*** Opening Task inputs ***
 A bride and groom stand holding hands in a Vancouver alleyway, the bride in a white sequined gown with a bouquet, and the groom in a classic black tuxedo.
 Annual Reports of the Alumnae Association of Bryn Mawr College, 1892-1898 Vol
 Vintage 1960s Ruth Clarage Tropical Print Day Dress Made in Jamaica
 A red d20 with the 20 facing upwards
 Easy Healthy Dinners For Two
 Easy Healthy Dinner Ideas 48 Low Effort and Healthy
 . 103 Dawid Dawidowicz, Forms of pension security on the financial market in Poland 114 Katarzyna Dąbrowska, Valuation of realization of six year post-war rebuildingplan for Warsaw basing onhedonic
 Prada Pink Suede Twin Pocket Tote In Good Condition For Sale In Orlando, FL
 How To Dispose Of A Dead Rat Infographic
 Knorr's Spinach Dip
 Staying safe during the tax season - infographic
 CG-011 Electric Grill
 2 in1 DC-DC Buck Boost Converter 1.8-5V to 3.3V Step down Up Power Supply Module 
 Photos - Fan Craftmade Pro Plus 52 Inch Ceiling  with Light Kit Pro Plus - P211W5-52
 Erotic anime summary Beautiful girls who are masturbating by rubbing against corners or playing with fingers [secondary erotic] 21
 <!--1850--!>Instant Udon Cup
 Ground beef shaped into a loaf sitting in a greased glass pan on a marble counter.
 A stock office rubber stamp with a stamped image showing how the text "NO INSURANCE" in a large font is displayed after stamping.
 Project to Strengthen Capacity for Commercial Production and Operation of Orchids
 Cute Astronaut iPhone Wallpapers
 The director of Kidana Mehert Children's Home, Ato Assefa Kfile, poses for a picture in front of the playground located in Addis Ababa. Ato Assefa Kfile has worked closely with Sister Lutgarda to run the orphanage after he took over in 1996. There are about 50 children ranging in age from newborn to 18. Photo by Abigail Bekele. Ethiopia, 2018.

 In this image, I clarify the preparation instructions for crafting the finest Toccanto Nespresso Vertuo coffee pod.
*** Closing Task inputs ***
• Problem: Write the lines out again exactly, from the one containing "Ground beef shaped" through the last line of the records, and include no other lines.

• Finished task:
 Ground beef shaped into a loaf sitting in a greased glass pan on a marble counter.
 A stock office rubber stamp with a stamped image showing how the text "NO INSURANCE" in a large font is displayed after stamping.
 Project to Strengthen Capacity for Commercial Production and Operation of Orchids
 Cute Astronaut iPhone Wallpapers
 The director of Kidana Mehert Children's Home, Ato Assefa Kfile, poses for a picture in front of the playground located in Addis Ababa. Ato Assefa Kfile has worked closely with Sister Lutgarda to run the orphanage after he took over in 1996. There are about 50 children ranging in age from newborn to 18. Photo by Abigail Bekele. Ethiopia, 2018.

 In this image, I clarify the preparation instructions for crafting the finest Toccanto Nespresso Vertuo coffee pod.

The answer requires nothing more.